How Unconfessed Sin Poisons Your Heart for God

Do you remember the first time you lied and got away with it? I do. I was in first grade. And thus began my life of crime, lying when it benefited me.

All of us are tempted to lie from time to time about our sin. When we are younger it is lesser offenses, when we are older it becomes more severe. One of the worst things that can ever happen to you is lying and getting away with your sin. It teaches you a habit that gets very difficult to break with age. 

King David, lied, and got away with it too, almost.

2 Samuel 11:1 tells us King David was supposed to be at war but instead he stayed home. 

He was dislodged from his position and disengaged from his purpose.

This is a recipe for disaster! 

The Enemy waits until we dislodge ourselves from our position and disengage from our purpose, and then he offers an alternative. It always appeals to our flesh. He can’t position us for a fall, we have to do that, but once we put ourselves in a compromising position, he offers us the most delightful temptation to our flesh. This is how the Enemy worked in David’s life and this is how the Enemy works in our lives. 

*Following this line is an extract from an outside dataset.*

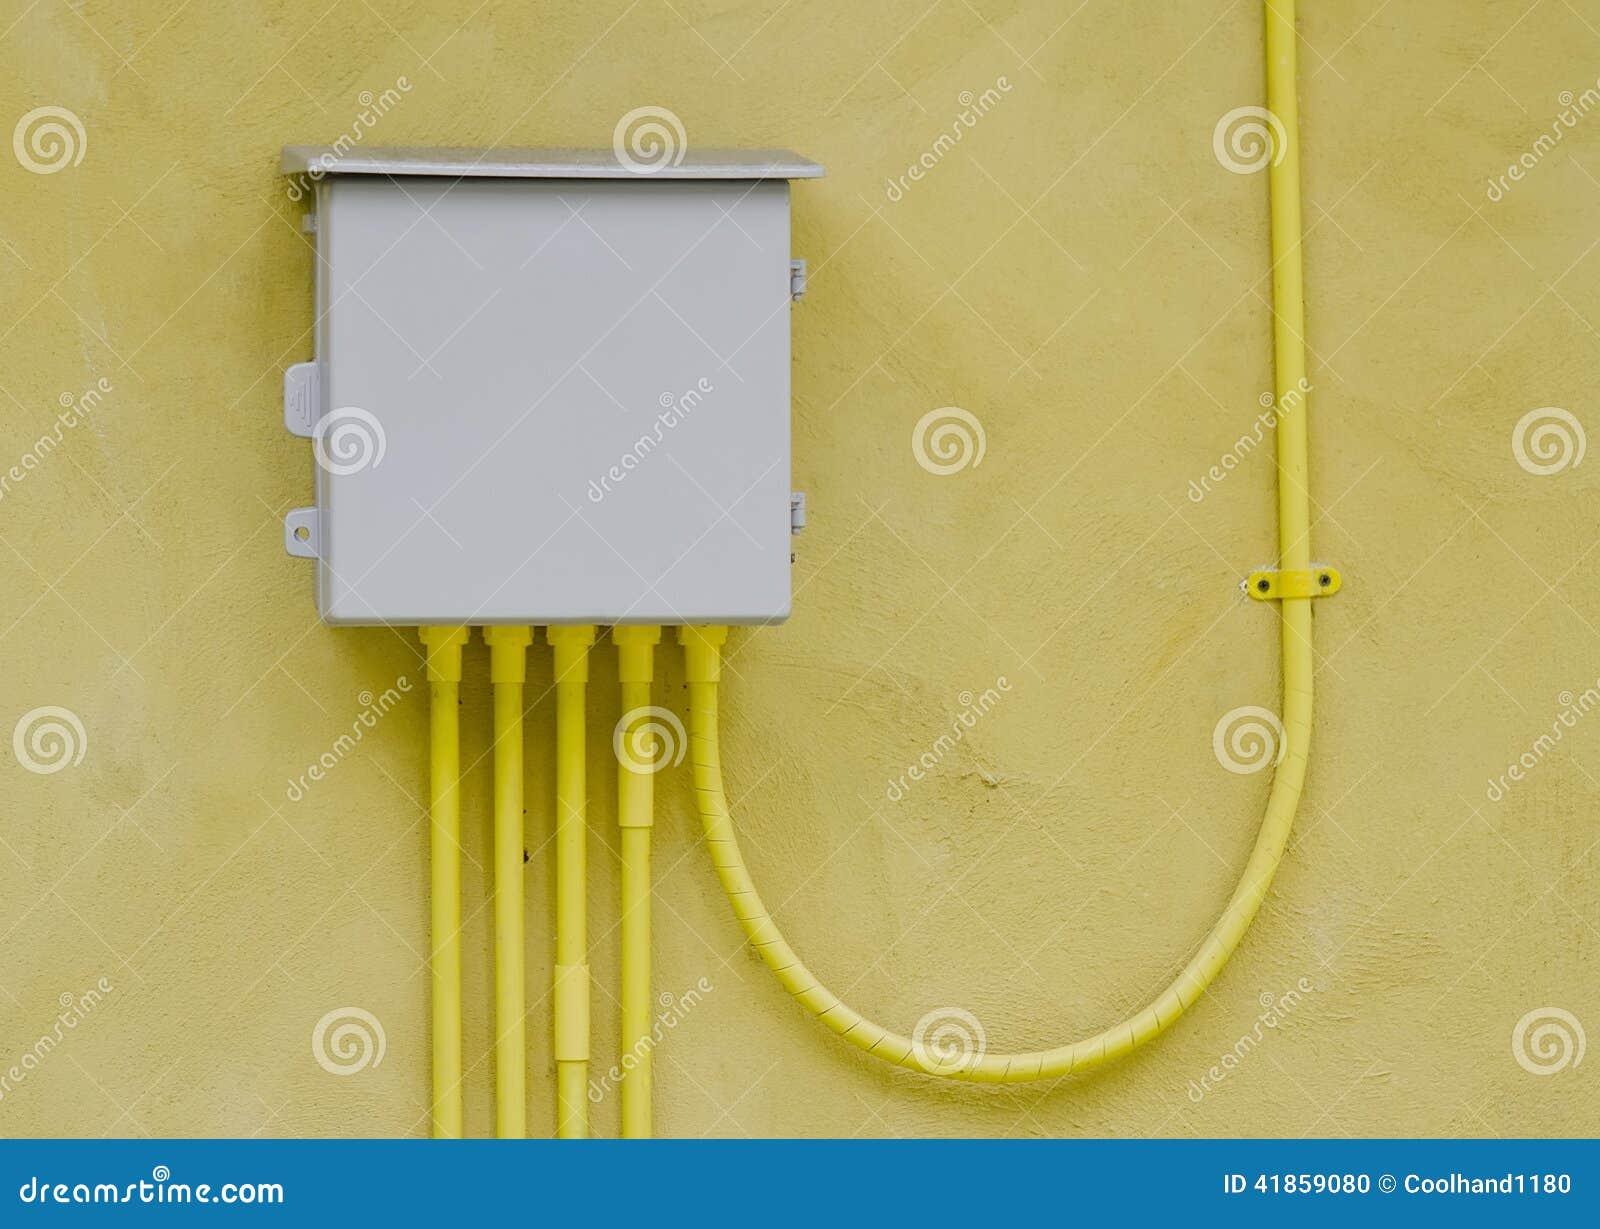 Fein Schalttafel Für Elektrische Schalttafeln Fotos - Beispiel ...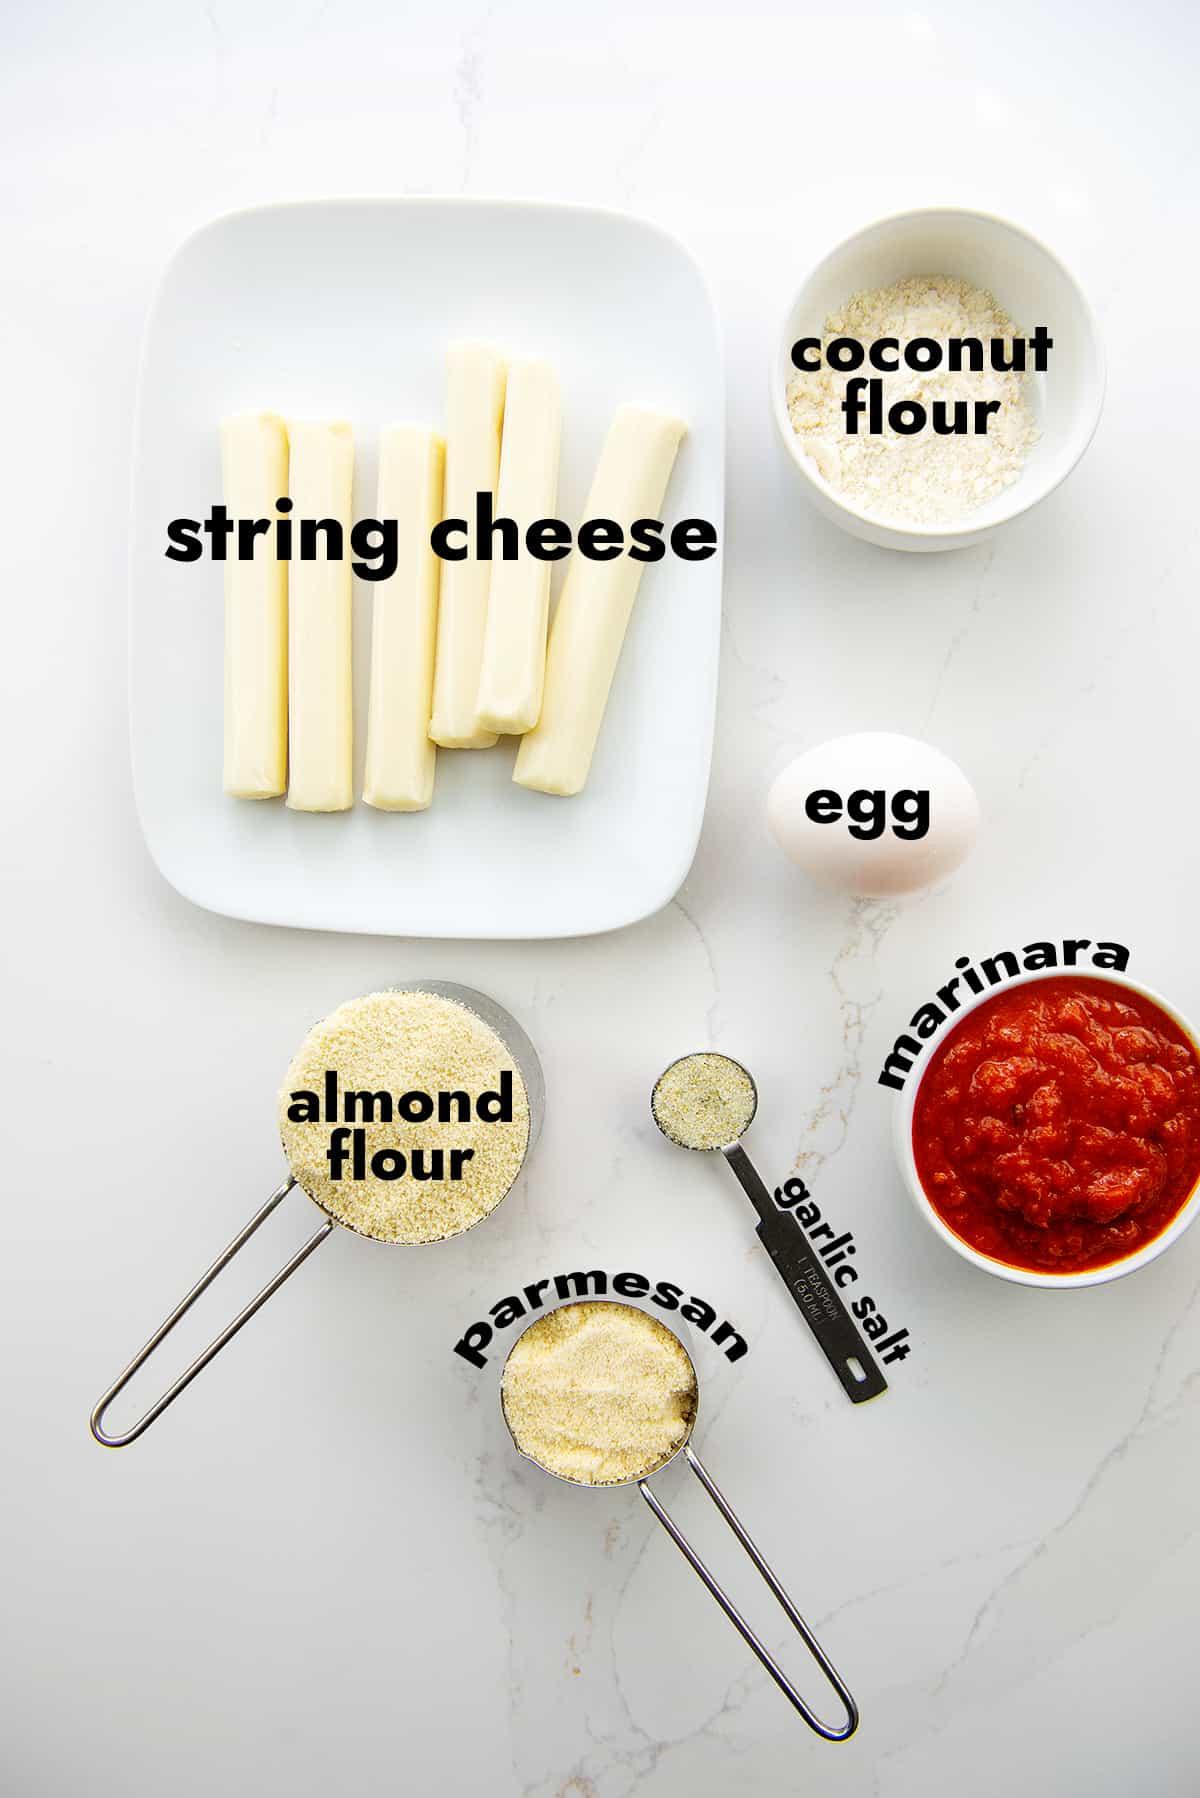 ingredients for mozzarella sticks on white counter.

Right after this 2 Samuel 11:2 says, “It happened.” David walked out and saw a beautiful naked woman bathing. 

The Enemy knew beautiful naked women were King David’s kryptonite. Do you know what your kryptonite is?

Once we dislodge ourselves from our relational position in life, husband/wife, father/mother, friend, truth-teller, follower of Jesus, then the Enemy serves up the appetizer our flesh craves. 

David sent and inquired who the woman was. The servant he inquired from told him Bathsheba was married, but that boundary didn’t stop David. He sent for her and lays with her. Then she sends word she is pregnant.

Now what do you do? The fun is over, and she has a message for you, “I am pregnant.” Now what?

The famous Christian apologist, Ravi Zacharias, would oftentimes say, “Sin will take you farther than you want to go, keep you longer than you want to stay, cost you more than you would ever want to pay.” 

Sadly, we know now, Ravi knew this personally, because he was living this story in his life. 

So, sin has taken David farther than he wants to go. 

David sends for Uriah.

We have hope for King David. He is going to confess to Uriah, “I slept with you wife.”

Here is David’s moment to continue to be a man after God’s own heart. Instead, David sends Uriah to his house with a present from him. David tried to use money to solve his problem. Whenever we use money to cover up sin, we always make it worse in the end. 

Once we have sinned and we don’t immediately confess, sin encourages us to avoid the truth by covering up the truth. 

Like David, when we don’t immediately confess sin, we then create shadows that appear true.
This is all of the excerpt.